TL;DR
Use the following template (C++20) for efficient and near-optimal binary search (in terms of number of queries) on floating point numbers.
It is also possible to extend this to breaking early when a custom closeness predicate is true (for example, min(absolute error, relative error) < 1e-9 and so on), but for the sake of simplicity, this template does not do so.
Introduction
It is well known that writing the condition for continuation of the binary search as anything like while (r - l > 1)
or while (l < r)
is bug-prone on floating point integers, so people tend to write a binary search by fixing the number of iterations. However, this is usually not the best method — you need $$$O(\log L)$$$ iterations where $$$L$$$ is the length of the range, and the range of floating point numbers is very large.
So, I came up with a way to binary search on (IEEE754, i.e., practically all implementations of) floating point numbers that takes bit_width(floating_type) + O(1)
calls to the predicate for binary search. I am pretty sure that this method has been explored before (feel free to drop references in the comments if you find them).
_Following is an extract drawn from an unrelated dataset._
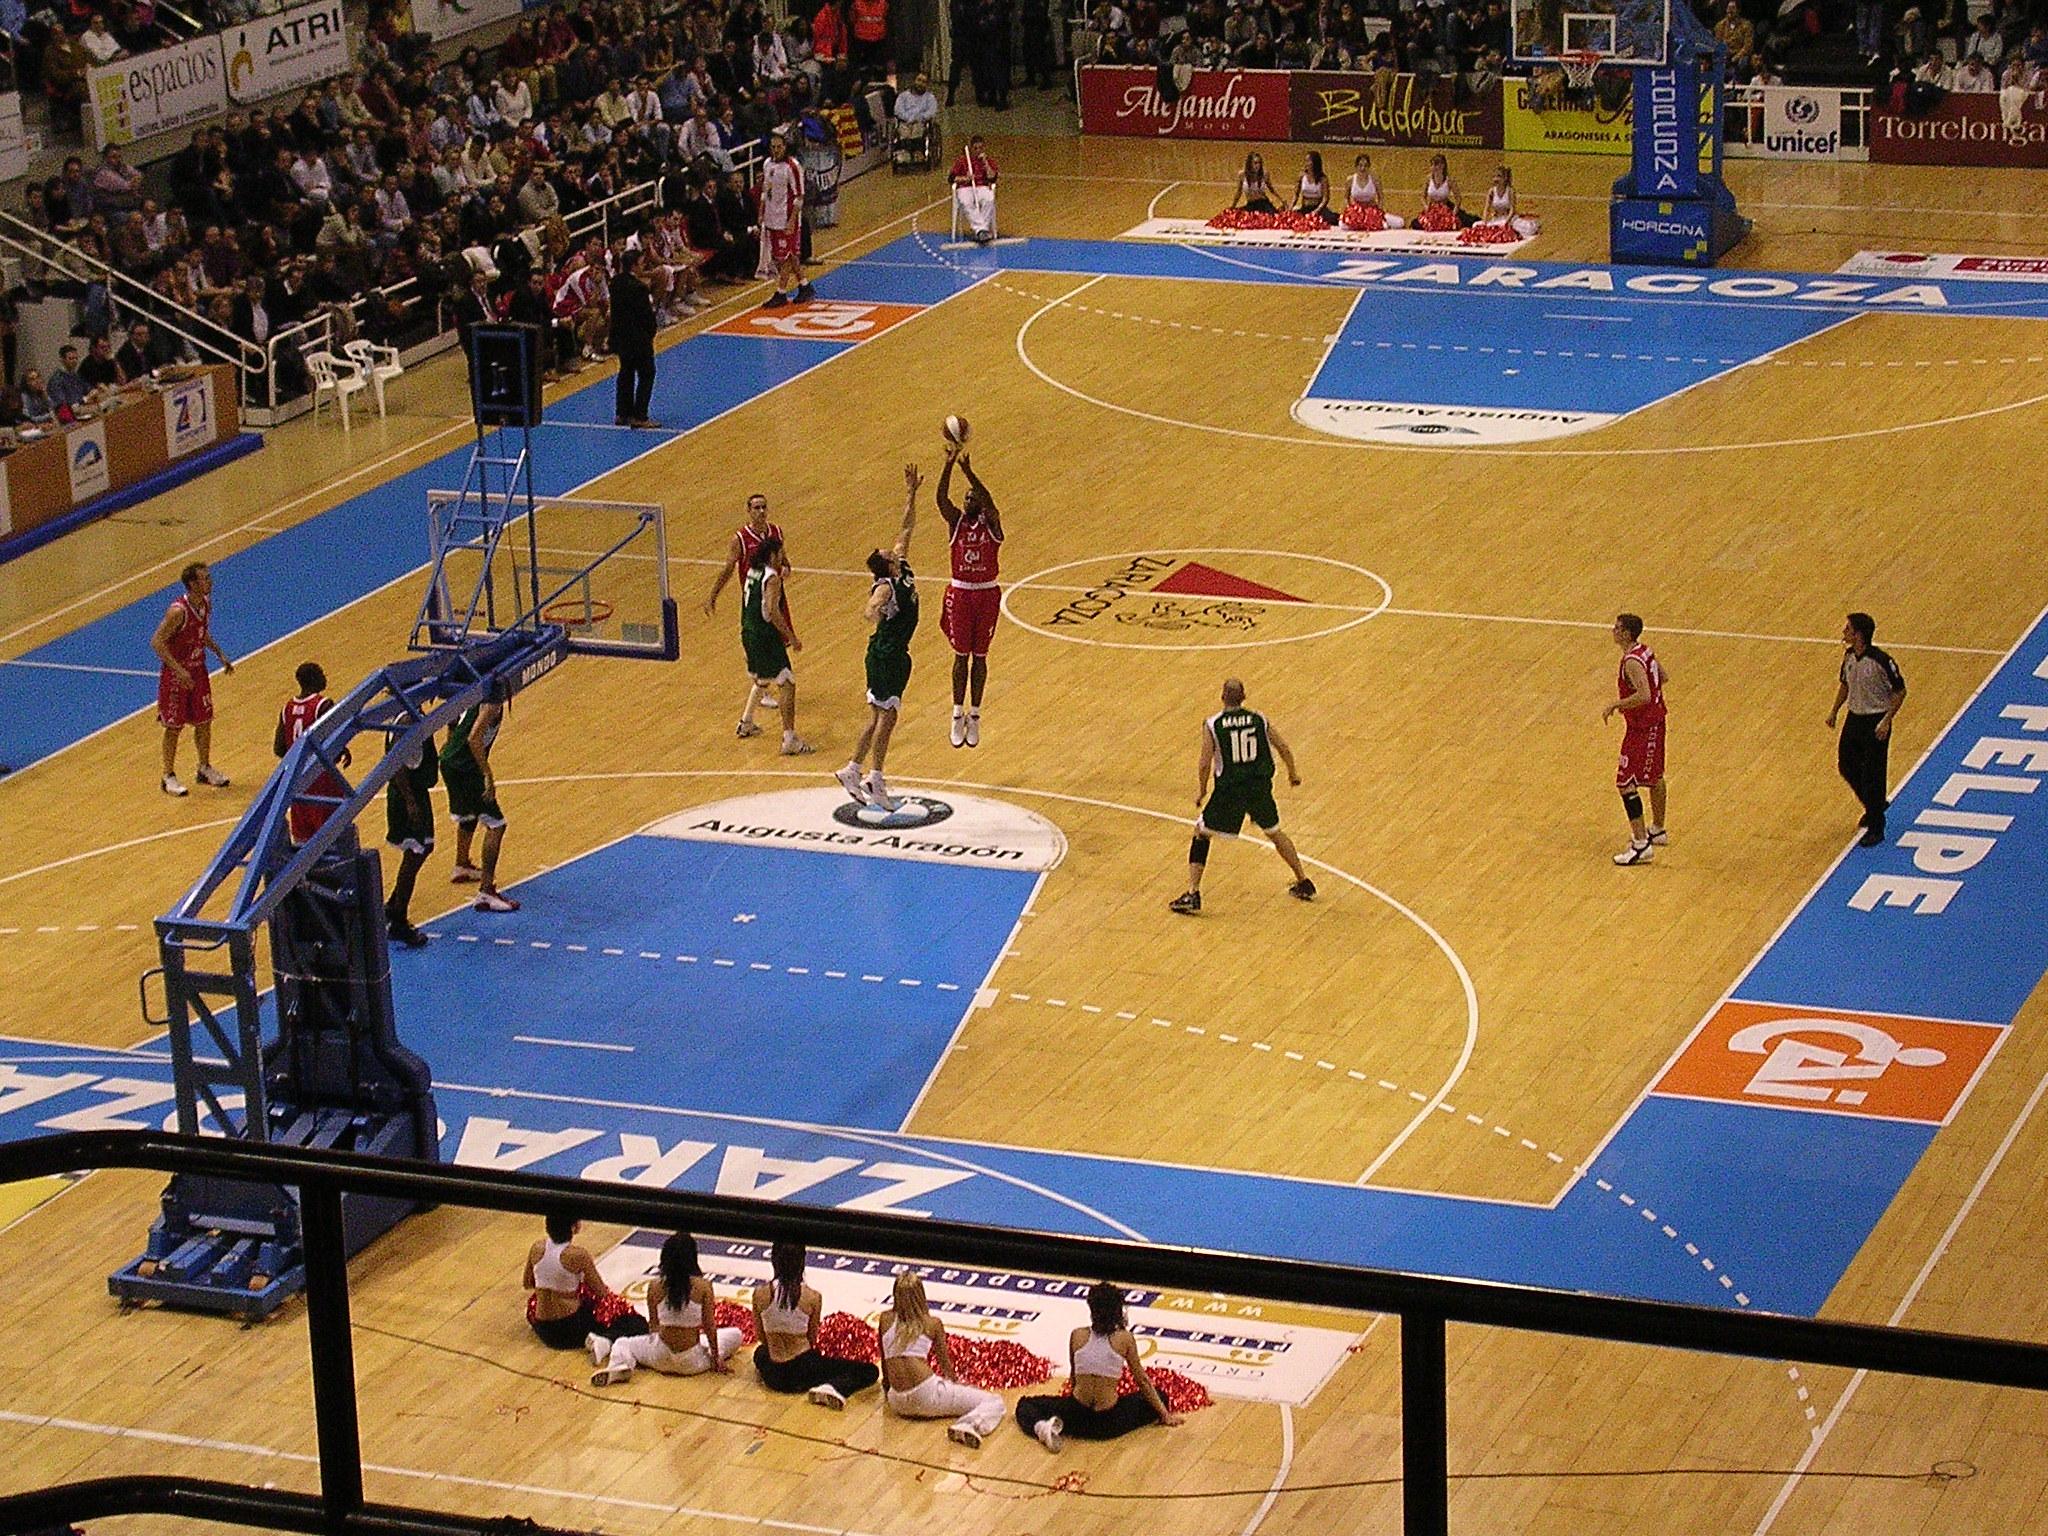 d098b74bf6 Basquetebol – Wikipédia

Regardless of whether this is a novel algorithm or not, I wanted to share this since it teaches you a lot about floating points, and it also has the following advantages:
- No need to hard-code the number of iterations.
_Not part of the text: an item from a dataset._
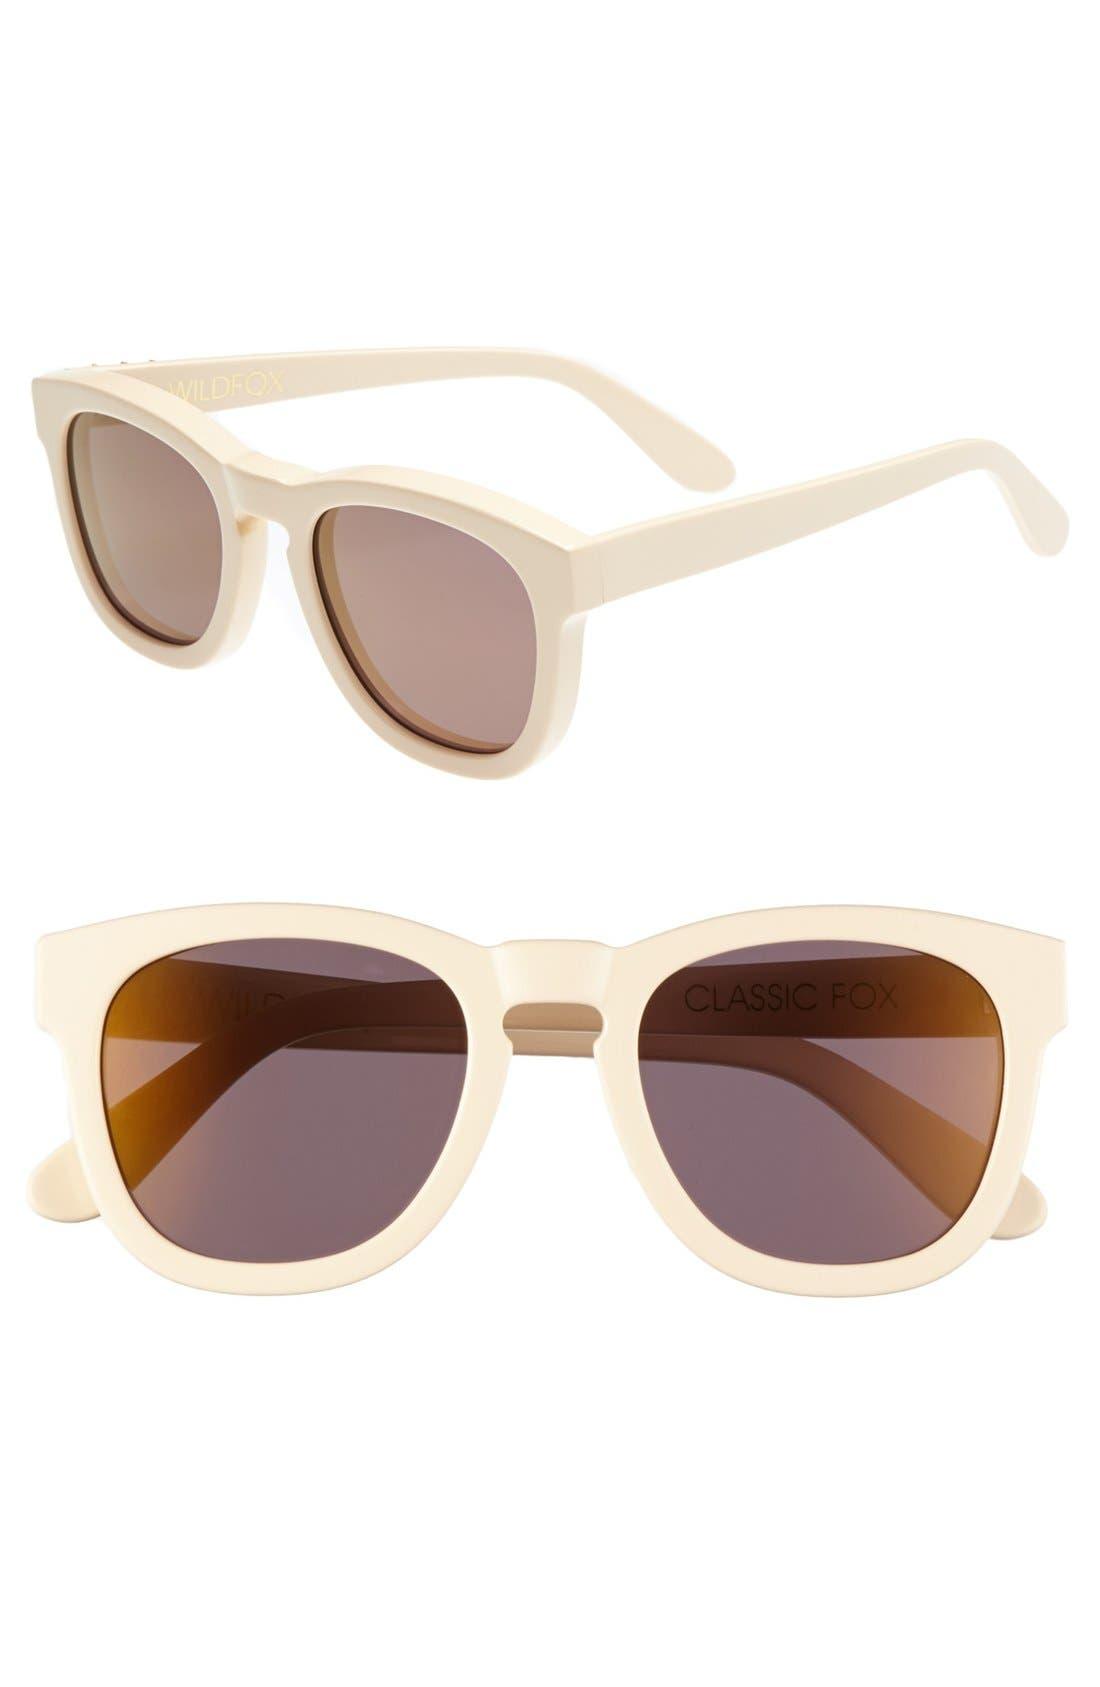 Main Image - Wildfox 'Classic Fox - Deluxe' 52mm Sunglasses

- It avoids issues that you get in other implementations (for example, using sqrt, you end up with a ton of cases with 0, negatives and so on).
- It is efficient (sqrt is expensive, and so is dealing with a lot of cases).
Arriving at the algorithm
I started out by thinking about this: floating point numbers have a very large range. Can we do better than $$$O(\log L)$$$ where $$$L$$$ is the length of the range? Recall that floating point numbers also have a fixed width that is much smaller than the log of the range they represent, and between two consecutive representable floating point numbers, it is their ratio that is nicely bounded (ignoring the boundary of 0 and inf and nans) instead of their difference. Now since it is well-known that for getting to a certain relative-error, it is optimal to use $$$\sqrt{lr}$$$ instead of $$$\frac{l + r}{2}$$$ in binary search.
So the first idea that comes to mind is to use sqrt instead of midpoint in the usual binary search. However, it has a lot of issues — for example, if $$$l = 0$$$, then you never progress in the binary search (this is fixable by doing a midpoint search on 0 to 1 and sqrt search on 1 to $$$r$$$). One more issue is how to deal with negatives (this is again doable by splitting the input range into multiple ranges where sqrt works) and with overflows/underflows. And the main issue with this approach is that sqrt is expensive — if you are doing a problem where the predicate is pretty fast and you need to do a lot of binary searches, most of your computation time would be due to sqrt.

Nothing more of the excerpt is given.